"""

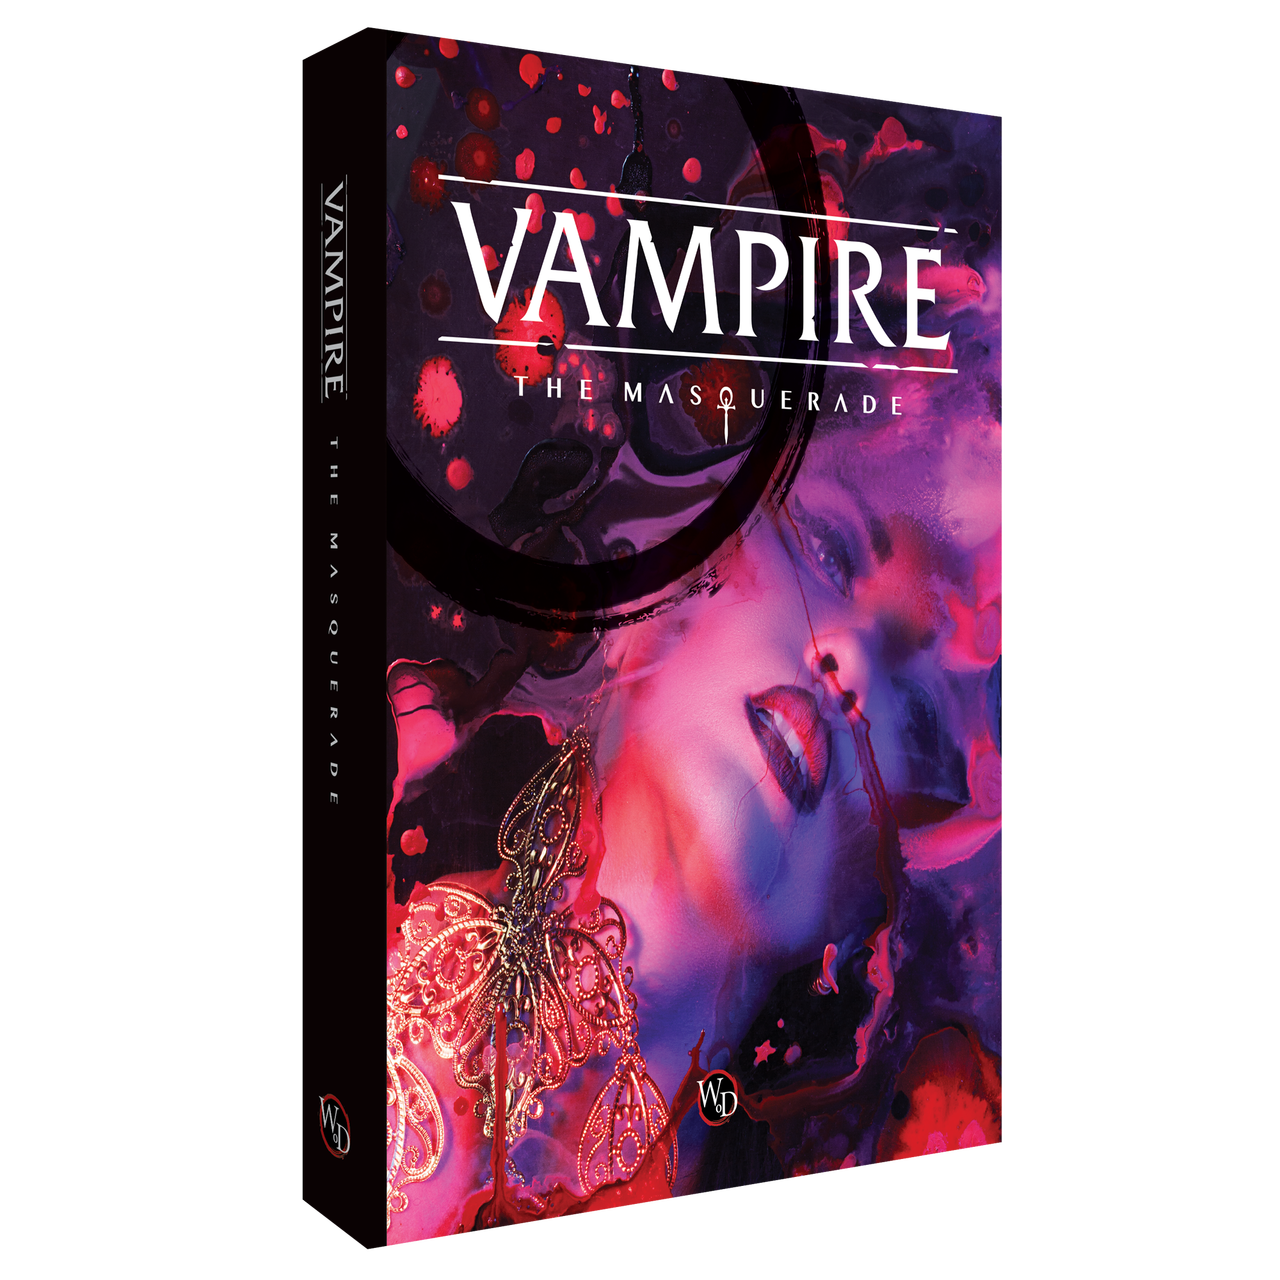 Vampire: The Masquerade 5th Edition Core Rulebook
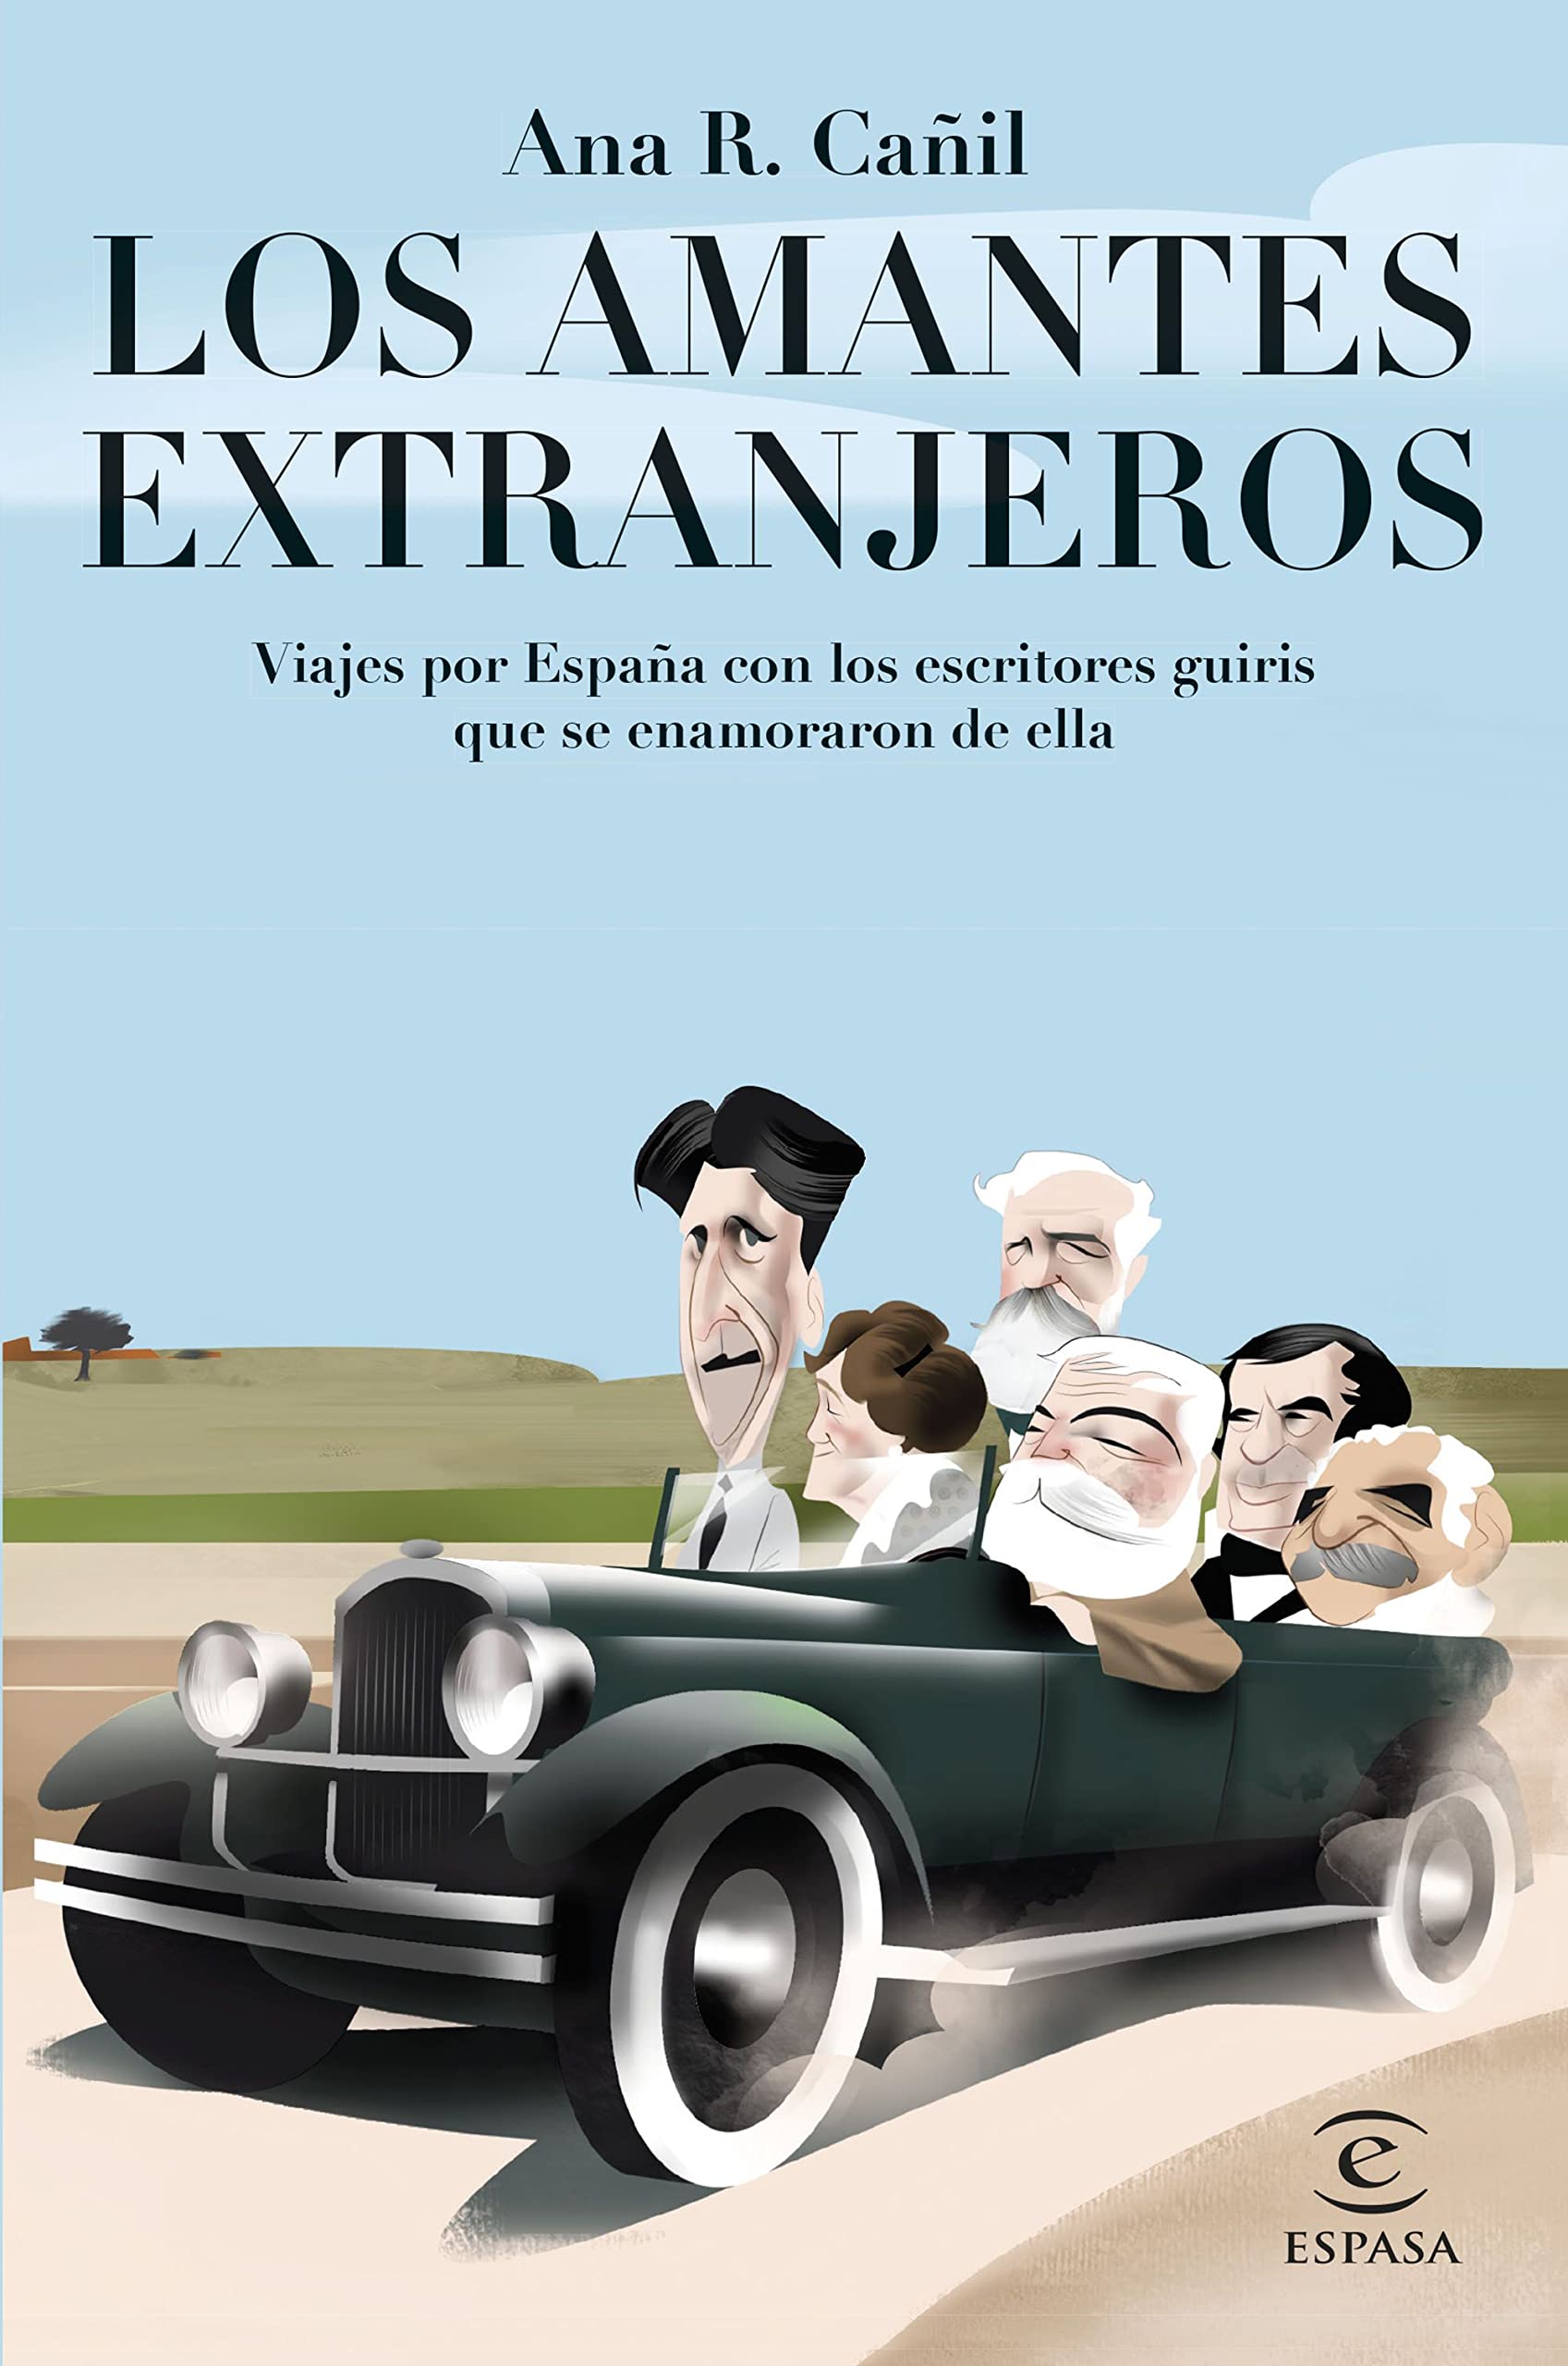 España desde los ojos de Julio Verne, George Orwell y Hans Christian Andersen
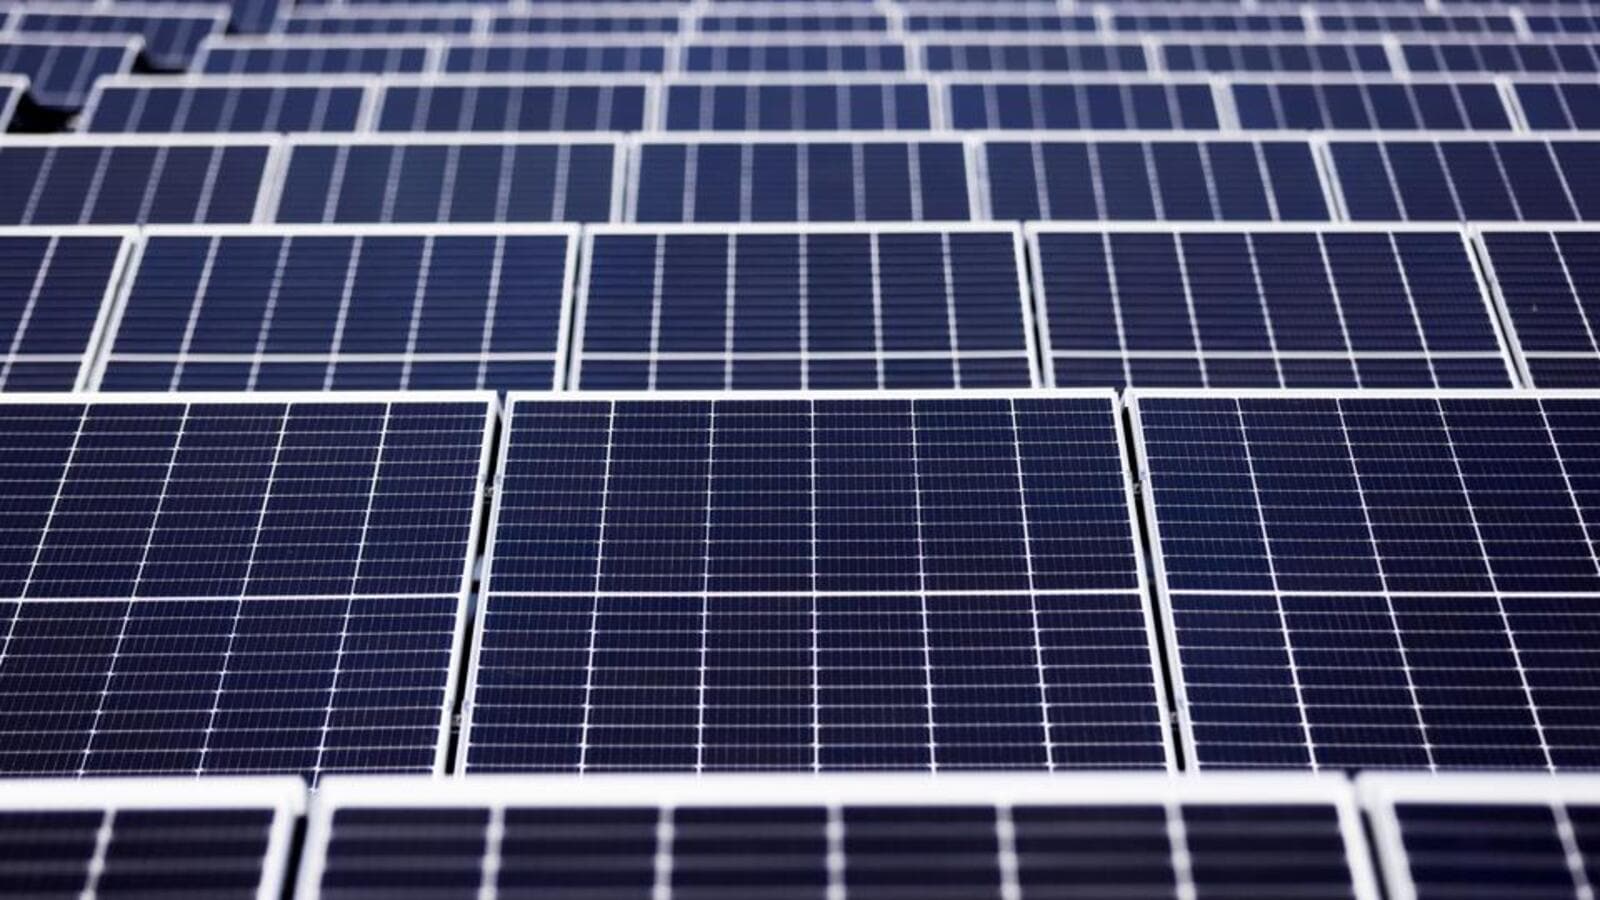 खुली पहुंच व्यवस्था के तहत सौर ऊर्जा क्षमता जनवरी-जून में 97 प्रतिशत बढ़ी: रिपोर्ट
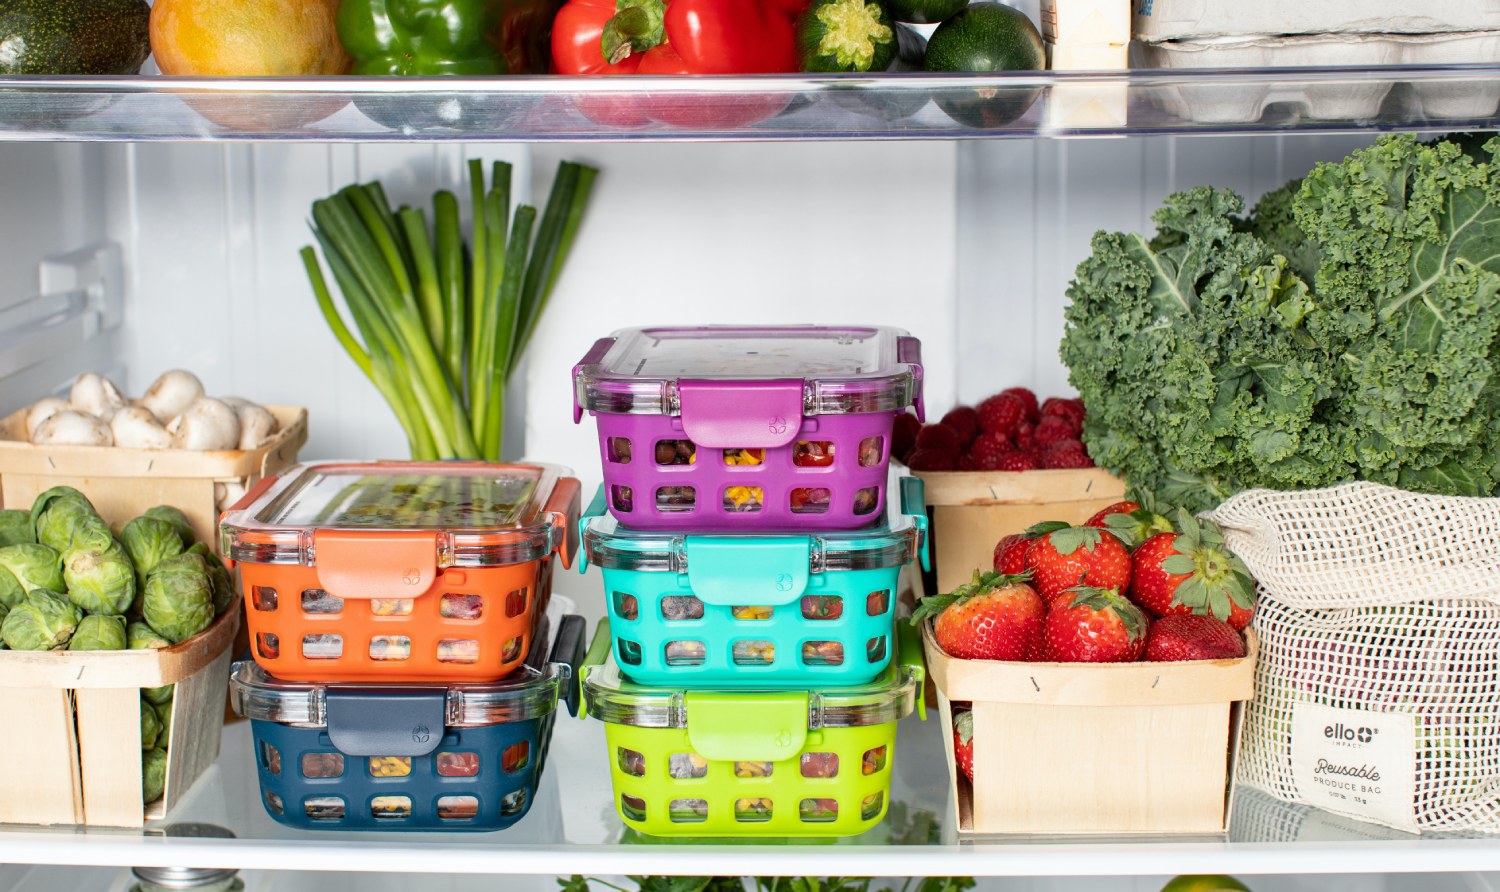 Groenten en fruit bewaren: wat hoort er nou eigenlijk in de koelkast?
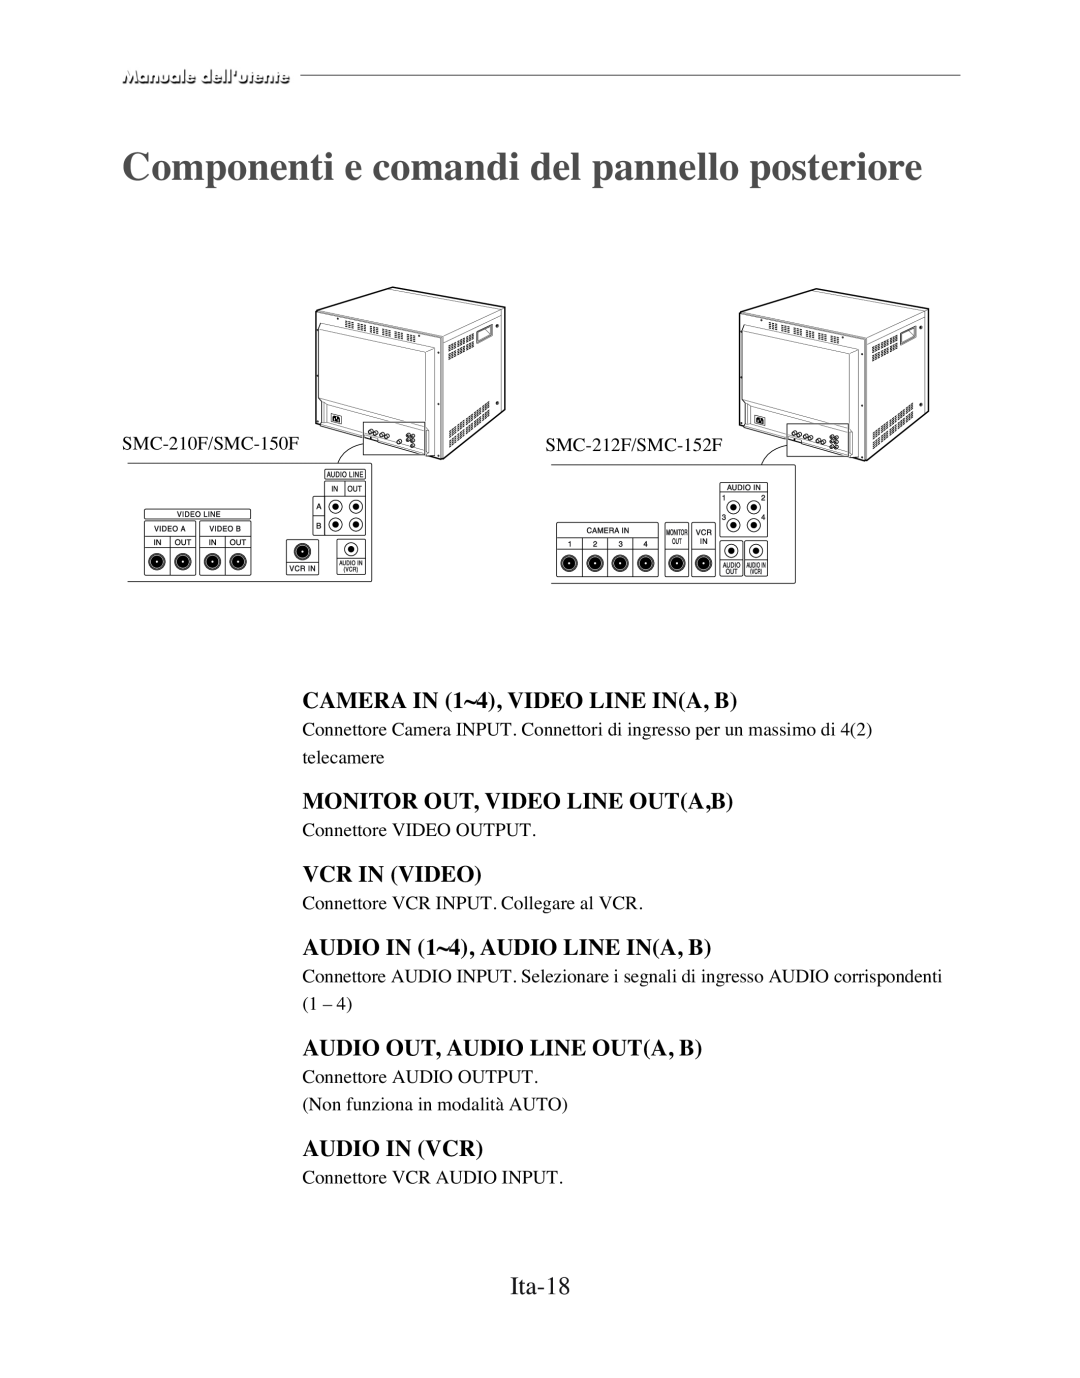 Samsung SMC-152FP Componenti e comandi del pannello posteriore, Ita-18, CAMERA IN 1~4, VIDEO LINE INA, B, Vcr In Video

"""

■ YOUR OBJECTIVE: From the line with "España desde los" through the last line of the entries above, transcribe everything exactly, both ends included, but not the pictures.

■ REPLY TO THE TASK:
 España desde los ojos de Julio Verne, George Orwell y Hans Christian Andersen
 खुली पहुंच व्यवस्था के तहत सौर ऊर्जा क्षमता जनवरी-जून में 97 प्रतिशत बढ़ी: रिपोर्ट
 Groenten en fruit bewaren: wat hoort er nou eigenlijk in de koelkast?
 Samsung SMC-152FP Componenti e comandi del pannello posteriore, Ita-18, CAMERA IN 1~4, VIDEO LINE INA, B, Vcr In Video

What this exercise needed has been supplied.